Your assignment: From the line containing "и Кайло Рена" down to the final line of the entries below, return each line exactly and drop the pictures.

[Raw data]

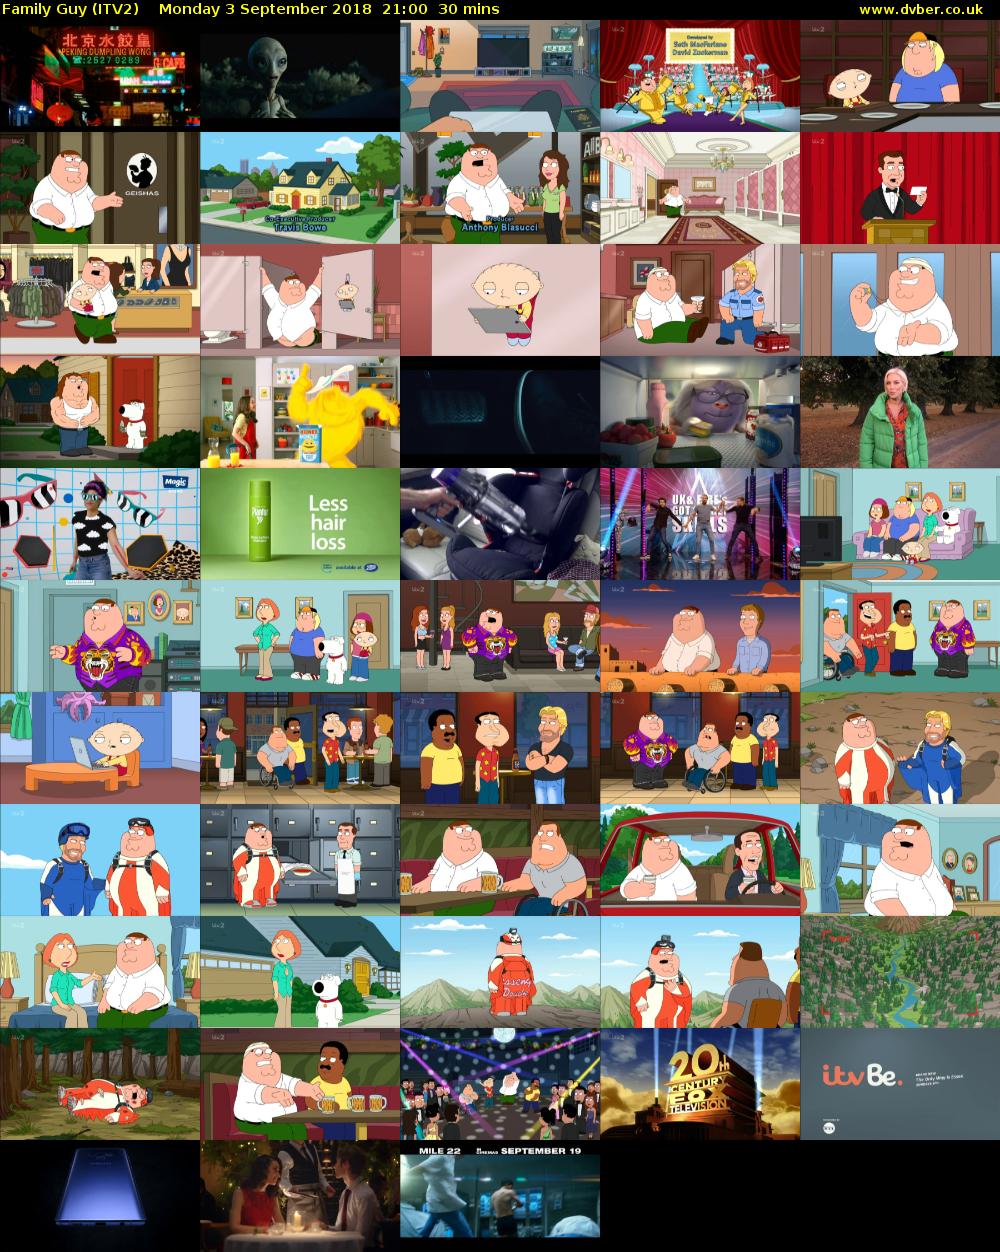 Family Guy (ITV2) Monday 3 September 2018 21:00 - 21:30
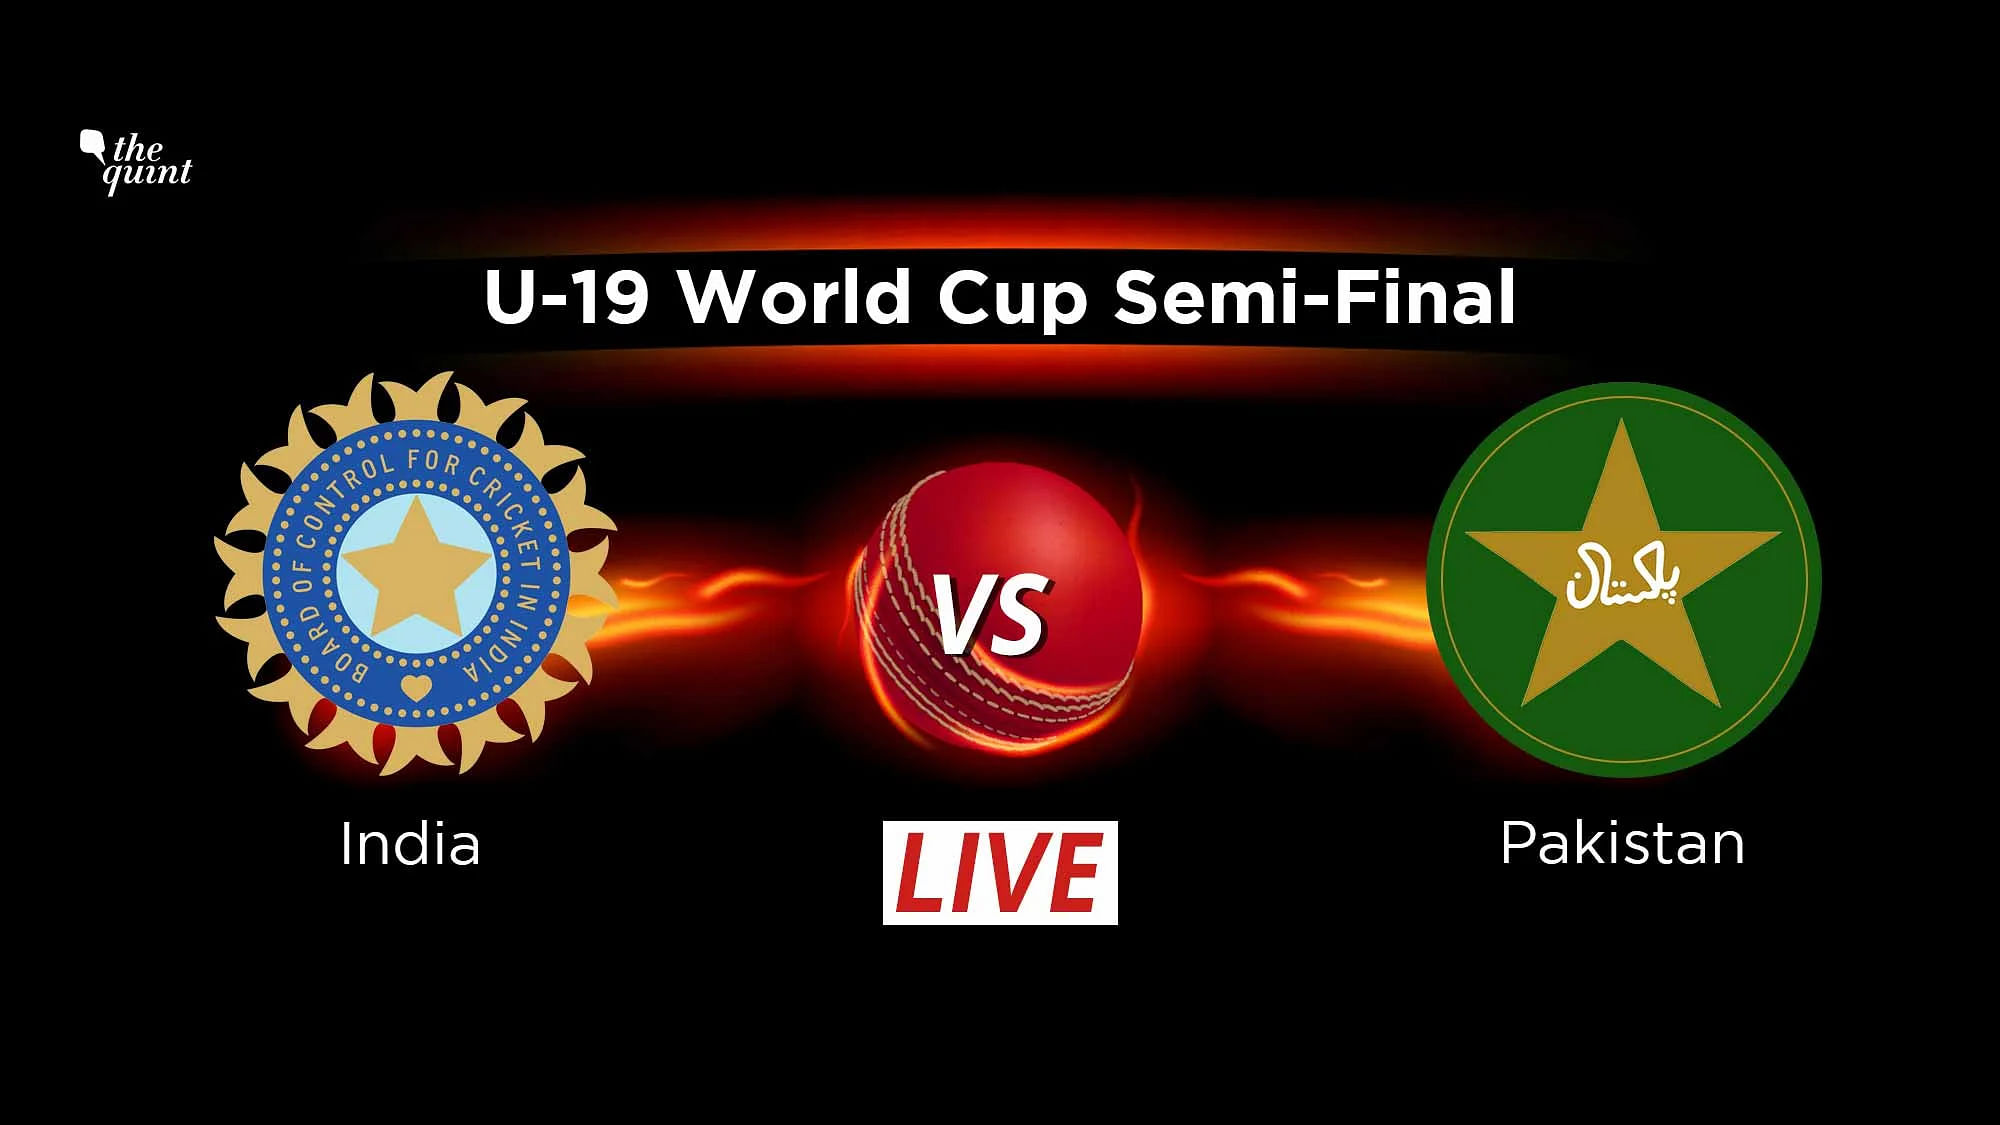 India vs Pakistan U-19 World Cup Semi Final
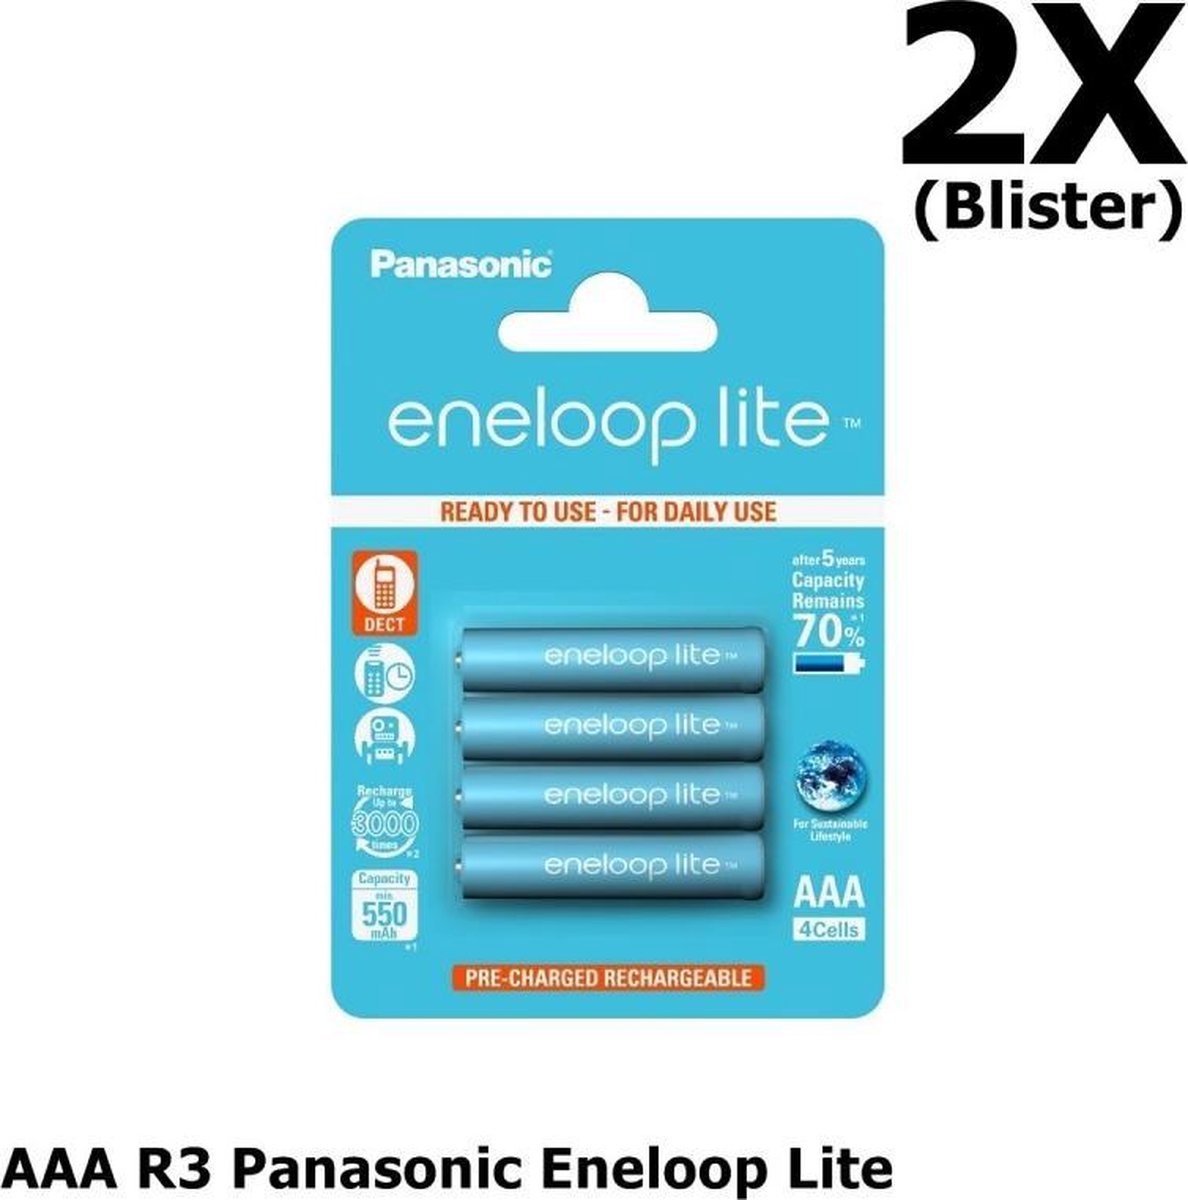 8 Stuks (2 Blisters a 4st) - AAA R3 Panasonic Eneloop Lite 1.2V 550mAh Oplaadbare Batterijen - Speciaal voor dect telefoons, Tot 3000 laadcycli - Blisterverpakking
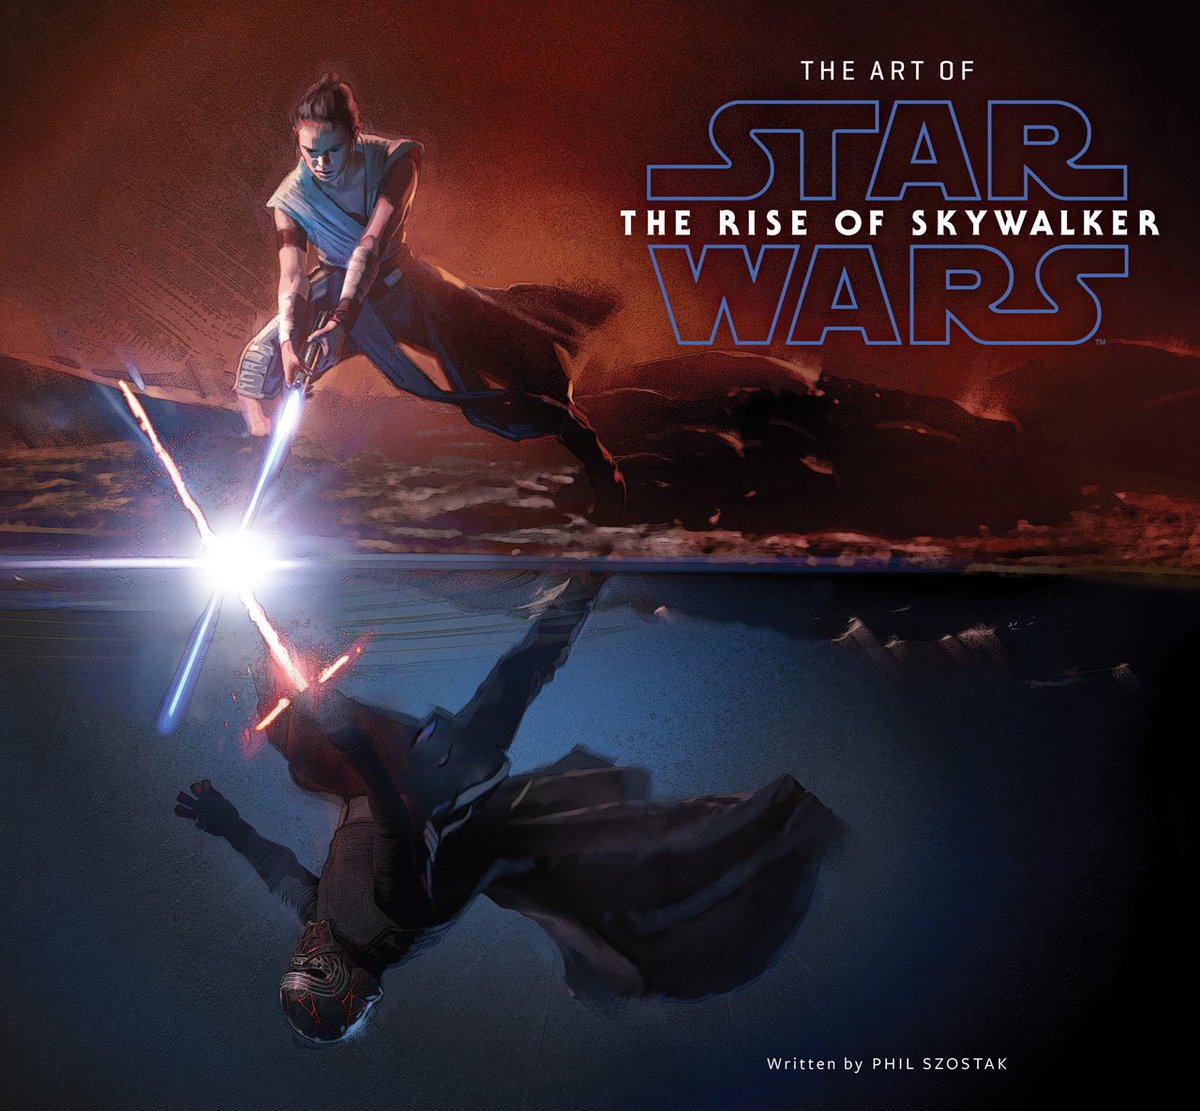 Новое изображение «Звездных войн: Эпизод IX» показывает столкновение Рей и Кайло Рена
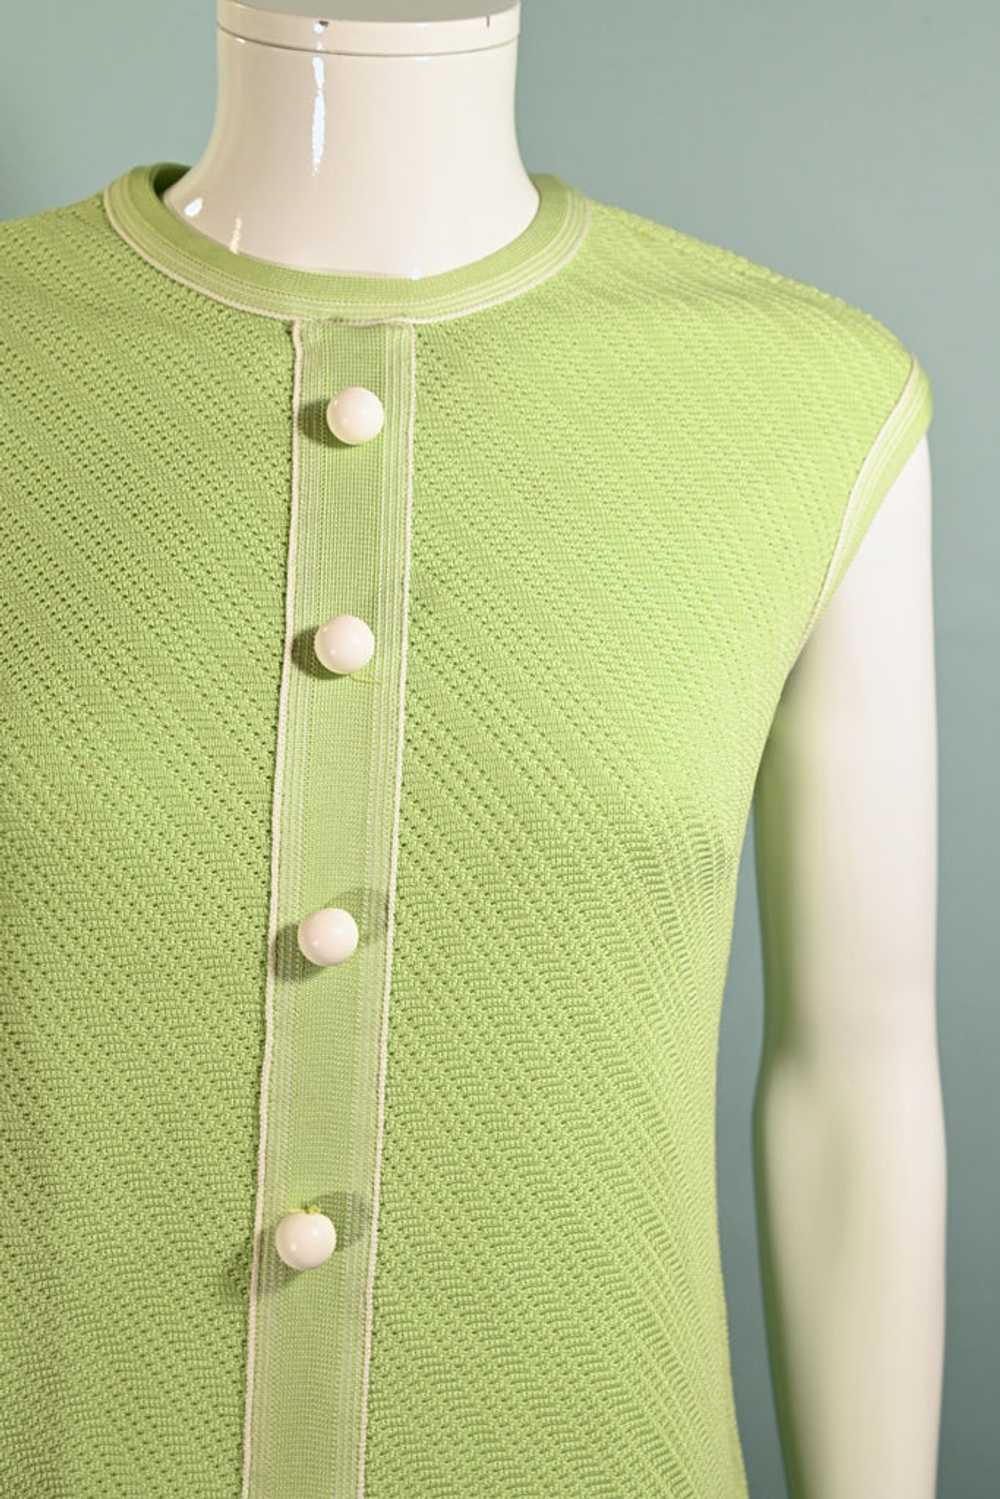 Vintage 60s Mint Green Mod A Line Dress M - image 2
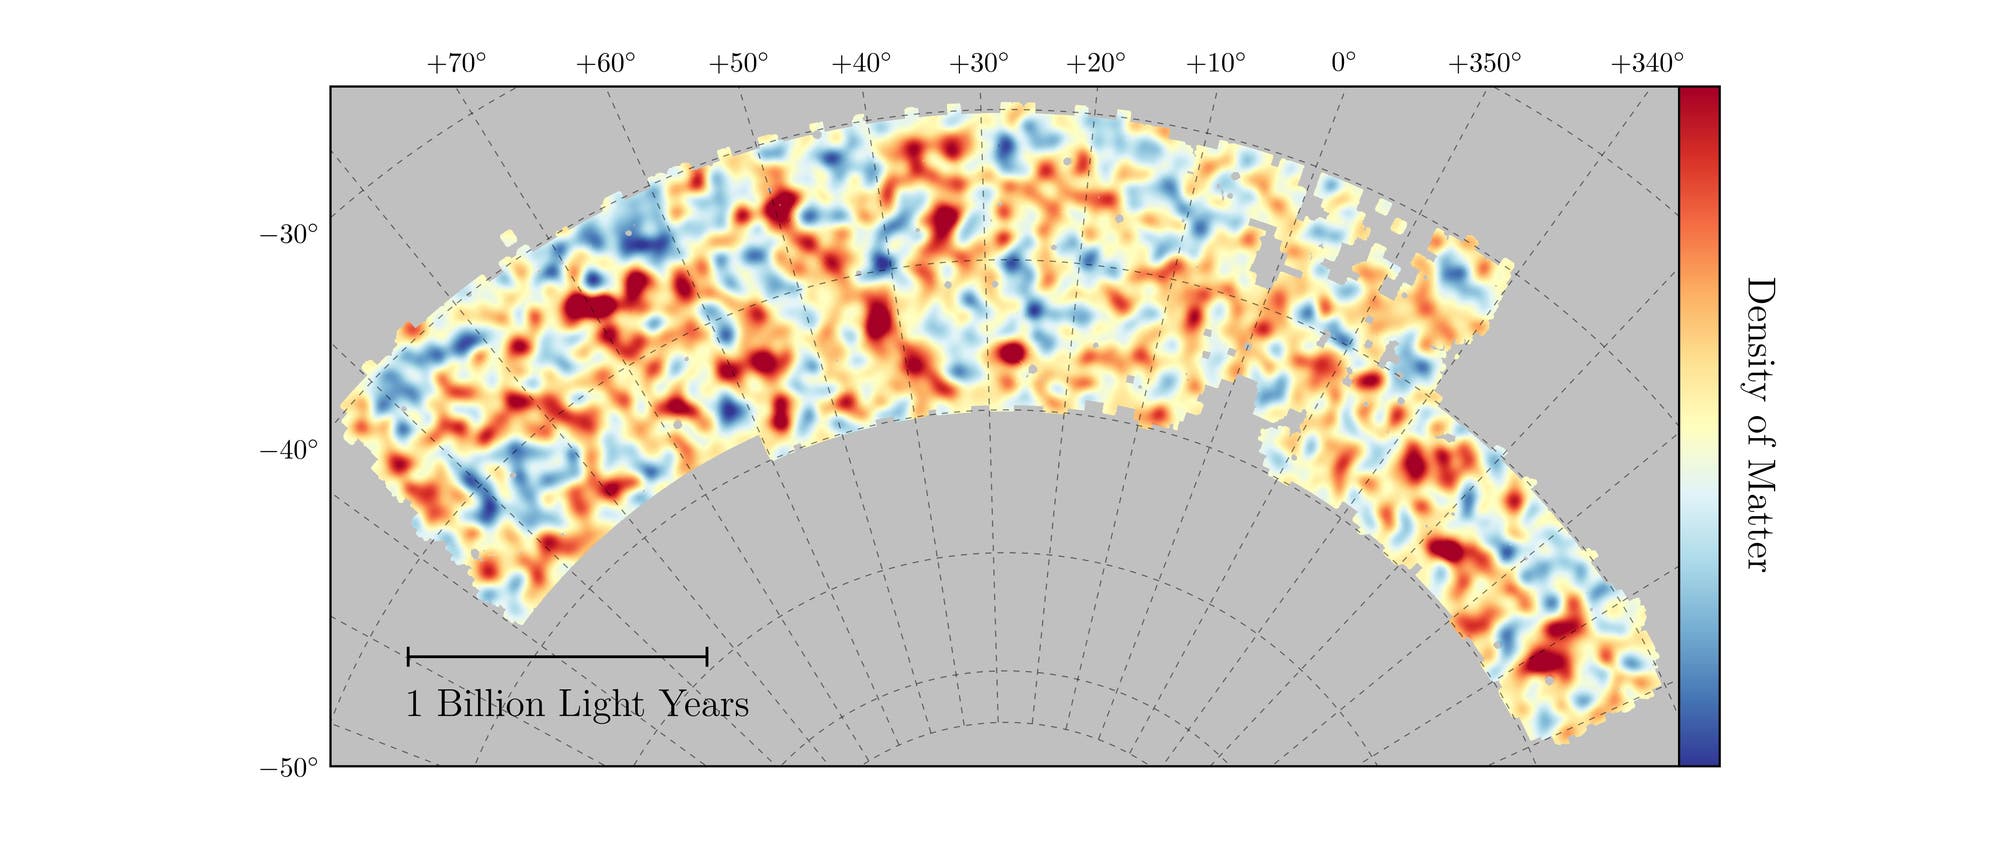 Der Dark Energy Survey (DES) hat in einem großen Abschnitt des südlichen Sternenhimmels bestimmt, wie stark sich die Materie in gewissen Regionen sammelt. Die Messungen liefern Hinweise auf das Wechselspiel von Dunkler Materie und Dunkler Energie: Letztere treibt Galaxien auf großen Skalen auseinander, während Dunkle Materie anziehend wirkt und so lokale Anhäufungen verstärkt.

[/Raw data]

Answer:
 Новое изображение «Звездных войн: Эпизод IX» показывает столкновение Рей и Кайло Рена
 Vintage 60s Mint Green Mod A Line Dress M - image 2
 Der Dark Energy Survey (DES) hat in einem großen Abschnitt des südlichen Sternenhimmels bestimmt, wie stark sich die Materie in gewissen Regionen sammelt. Die Messungen liefern Hinweise auf das Wechselspiel von Dunkler Materie und Dunkler Energie: Letztere treibt Galaxien auf großen Skalen auseinander, während Dunkle Materie anziehend wirkt und so lokale Anhäufungen verstärkt.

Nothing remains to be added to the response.